Aside from a computer voiced by a pre-disappointment Kevin Spacey, Moon is a minimalist, one-man play that delves into the psyche of a man who has either been alone for far too long, or who really is the subject of an insidious conspiracy. The incredible acting and paranoid, claustrophobic atmosphere make Moon a must-see for fans of sci-fi, existential horror, and psychological thrillers alike.

Dark (2017)

Welcome to Winden, Germany, a small town where the weather forecast is a 100% chance of rain and the nuclear reactor is always smoking in the background. The townsfolk are all either related to or cheating on each other, and everyone is equally fluent in German, English, and pimp-slap. A young boy has just gone missing in the caves, and a wormhole to the eighties has just opened underneath the power plant.

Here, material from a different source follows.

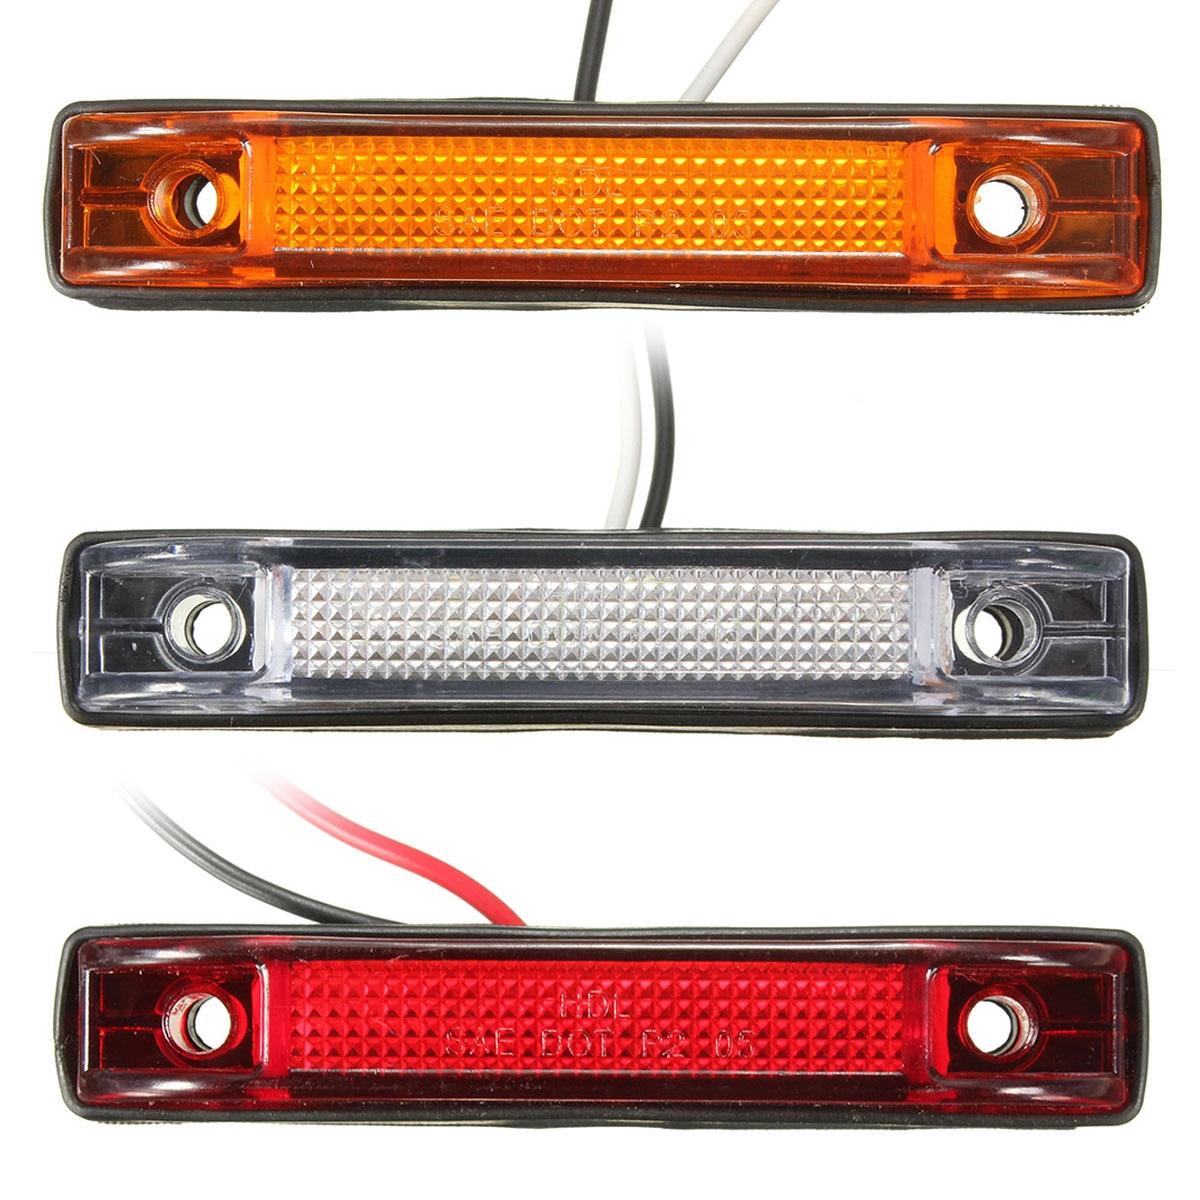 6 Led Utility Led Car Truck Side Marker Clearance Light

Often glibly described as “the German Stranger Things,” Dark is a hit-or-miss series for most viewers. The plot takes place across three time periods and six decades as characters age and time-travel, and even by time-travel standards, the storyline and relationships are extremely convoluted. On the other hand, half the appeal of Dark is that the writers tell nothing and show everything; the viewer is challenged to decipher and interpret for themselves. Beautifully shot, with scenery and soundtrack that ooze Bavarian grimness, Dark is no casual marathon, and should be reserved for viewers who want an austere, melancholic story that refuses to hold their hand.

The Bad Batch (2016)

A young woman (Suki Waterhouse) is abandoned in the feral desert wastelands outside of Texas, where she is quickly captured by, and loses a couple limbs to, a group of cannibal bodybuilders. Effecting her escape, she is taken in by a group of scavengers, and plots her revenge--vengeance which leads her to kill the wife and kidnap the daughter of Miami Man (Jason Momoa), the warlord artiste who imprisoned her.

If you ever wondered what daily life was like for the inhabitants of a Mad Max movie, The Bad Batch has your answer; it’s a gritty, brutal punk western told largely without dialogue. The story flows along lines drawn by stunning visuals and masterful camerawork. The pacing can drag somewhat, and its genre-bouncing inability to commit can be as much of a weakness as a strength, but its bizarre, eclectic vision shines through--even if it sometimes tries much too hard to be bizarre and eclectic.

Starring Keanu Reeves and Jim Carrey of all people, with a soundtrack that bounces from Die Antwoord to Boy George, The Bad Batch is a dark, twisted, and wholly bizarre film most definitely not suited for minors. More than just grindhouse — though it most certainly takes its cues from the genre — The Bad Batch is at once empowering, explicit, and more than a little disgusting. Fans of grindhouse, Tarantino, and just good messed-up movies in general should bump The Bad Batch to the top of their Netflix queues.